First of all, why might you need to re-configure your Relying Party Trust?

If you are building a development/test machine, there is a good chance that you may have configured ADFS to rely on a computer or machine name when in fact a FQDN (Fully Qualified Domain Name) is in order.  If there are mismatches between what is configured in SharePoint, IIS and ADFS, these issues will cause you all types of grief.

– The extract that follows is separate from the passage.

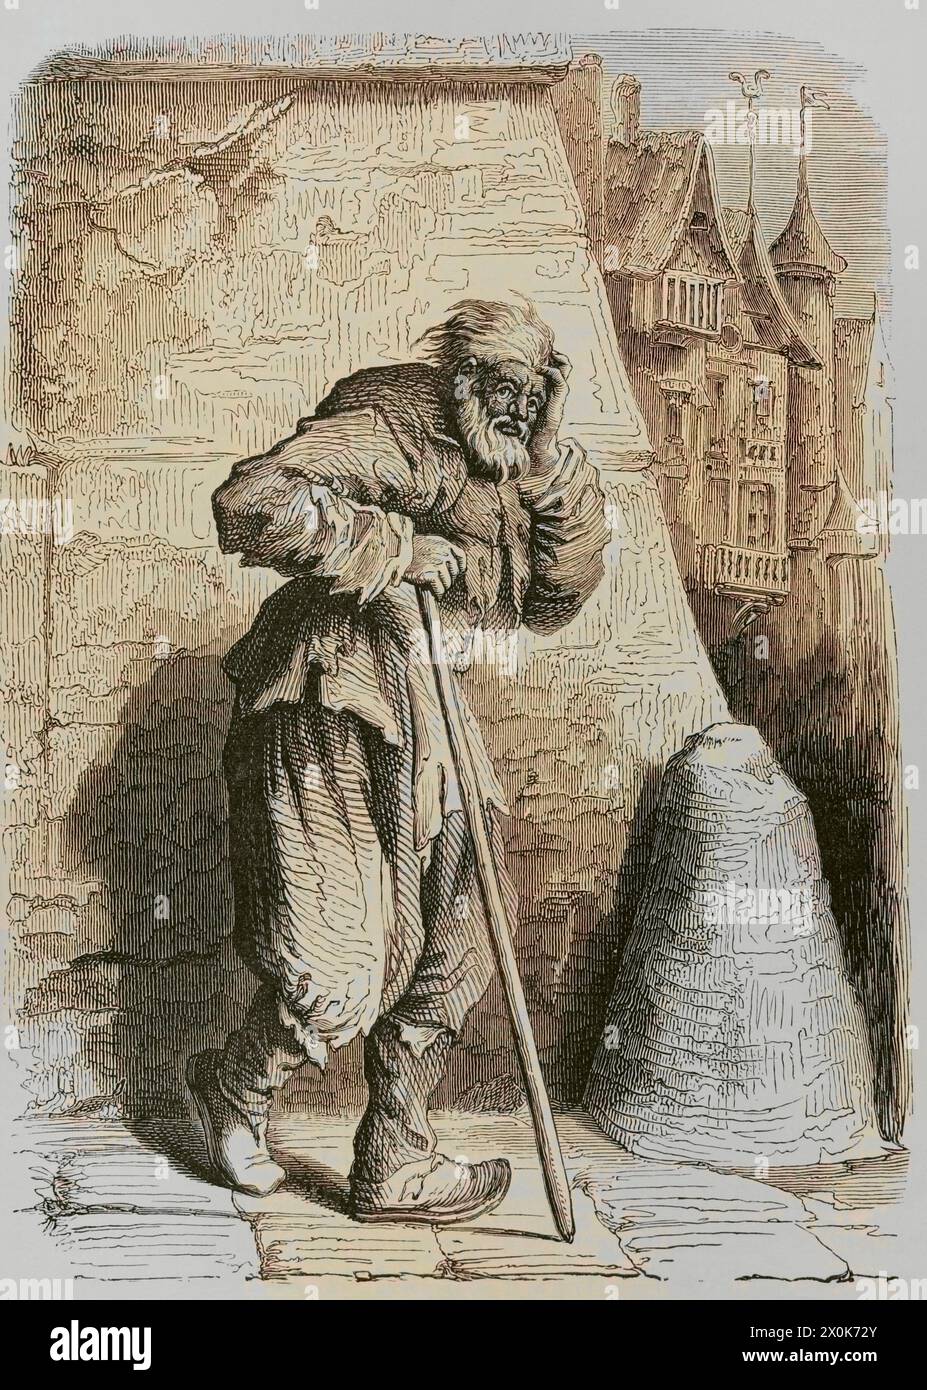 Italian Beggar. Facsimile from an engraving by Jacques Callot (1592-1635). Later colouration. 'Moeurs, usages et costumes au moyen-âge et à l'époque de la Renaissance', by Paul Lacroix. Paris, 1878. Stock Photo

However, as I stated earlier, this can be easily modified as follows:


  1. Open your ADFS 2.0 Management Console
  2. Locate the Trust Relationships folder and expand it to display Relying Party Trusts
  3. Once Relying Party Trusts has been selected, you should see all of your available Relying Party Trusts
  4. Right click on the name of the Relying Party Trust you wish to modify and select Properties
  5. Once the Properties window opens, you can click on the Identifiers tab
  6. There you will be able to view all of the Identifiers you have configured for your Relying Party Trust
  7. Since there is no Edit option available, you will have to remove an existing Url and then re-add it back to the list of Relying party identifiers.
  8. For a Relying Party Trust such as SharePoint, modify the Url, but always make sure that it ends with /_trust/
  9. Now click over to the Endpoints tab
  10. Select the WS-Federation Passive Endpoint you configured and click on the Edit button
  11. Here you can modify the Url once again.  As before, if you are working with SharePoint, make sure that the Url ends with /_trust/
  12. Click the OK button to close the Edit Endpoint dialog
  13. Click OK once more to close out of the Relying Party Trust Properties dialog


NOTE: If you are working with SharePoint, make sure that your Alternate Access Mappings coincide with the Url you have configured in ADFS.  (You can check this through Central Administration-->Application Management-->Configure alternate access mappings)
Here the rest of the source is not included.